DIFFICULTY:
Easy
PREREQUISITES:
Adhoc, stacks
PROBLEM:
Bob favourite Data structure is String. He takes a string and decided to reduce string as much as possible by doing a series of operations. In each operation, he selects a pair of adjacent same letters and deletes them.
Note: If the final string is empty, return Empty String.
EXPLANATION:
To get the fully reduced string, we can use a stack. Suppose we are at an ith position of the string. If the character at top of the stack is the same as S[i], we pop the top element of the stack and move to the i+1th position. Otherwise, if the stack is empty or the top element is not equal to S[i], we will push S[i] to top of the stack and then move to i+1th position. Our final answer is all the elements present in the stack from bottom to top.
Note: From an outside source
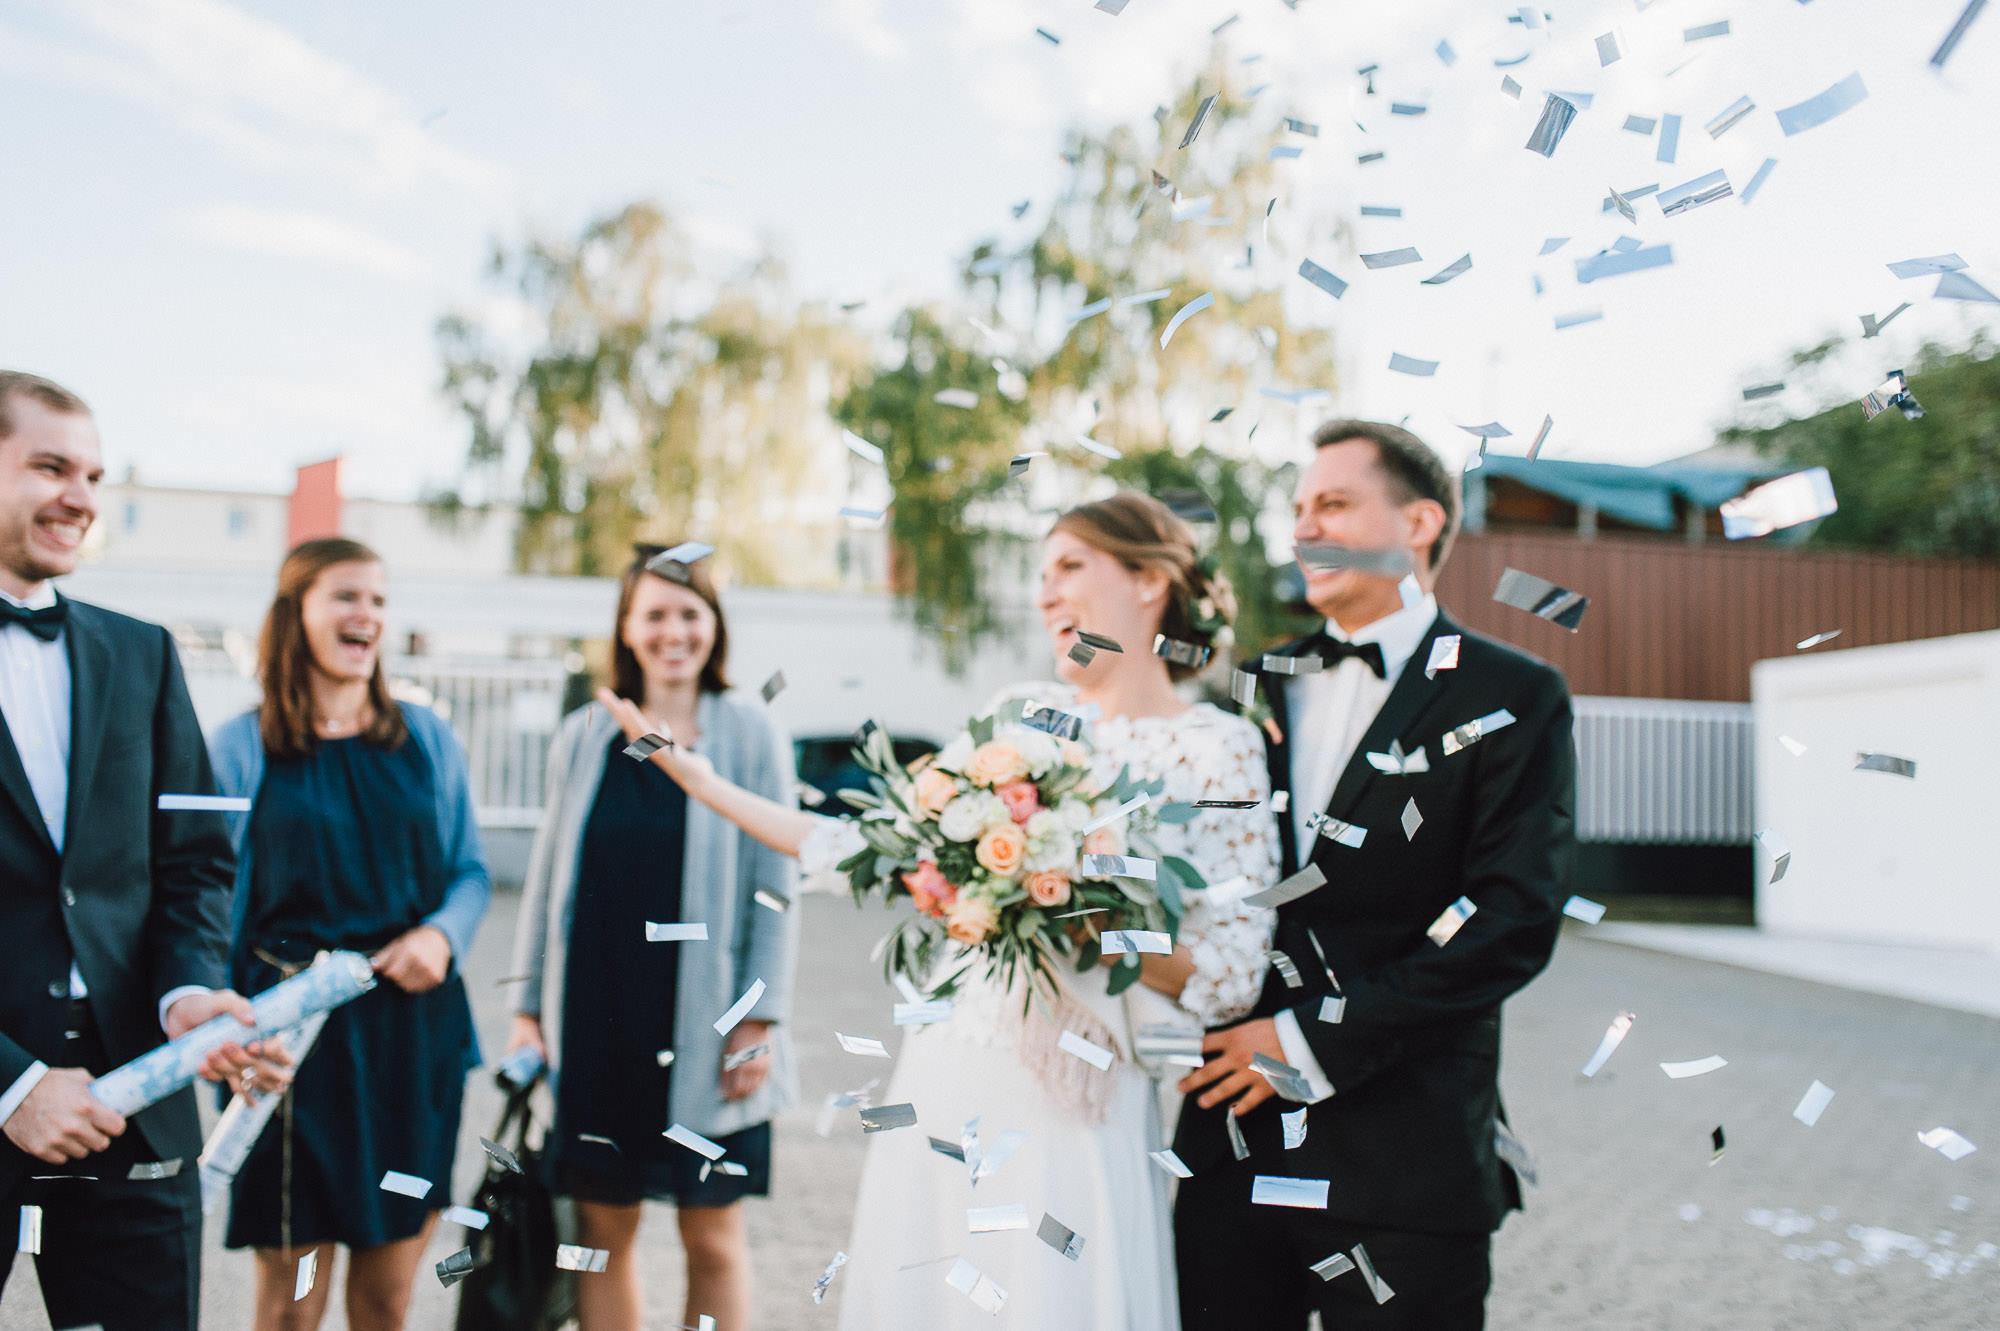 modern-urban-industrial-wedding-poolhaus-nuernberg-hochzeit-096

See the setter’s code for implementation details.
TIME COMPLEXITY:
O(N)
SOLUTIONS:
Setter's Solution
#include<bits/stdc++.h>
using namespace std;
#define rep(i,n) for(int i=0;i<n;i++)
#define pb push_back
int main(){
string S;
cin >> S;
vector<char>and;
rep(i,S.length()){
if(ans.size()==0 or S[i]!=ans.back()) ans.pb(S[i]);
else ans.pop_back();
}
if(ans.size()==0) cout<<"Empty String";
else{
for(auto x:ans) cout<<x;
}
}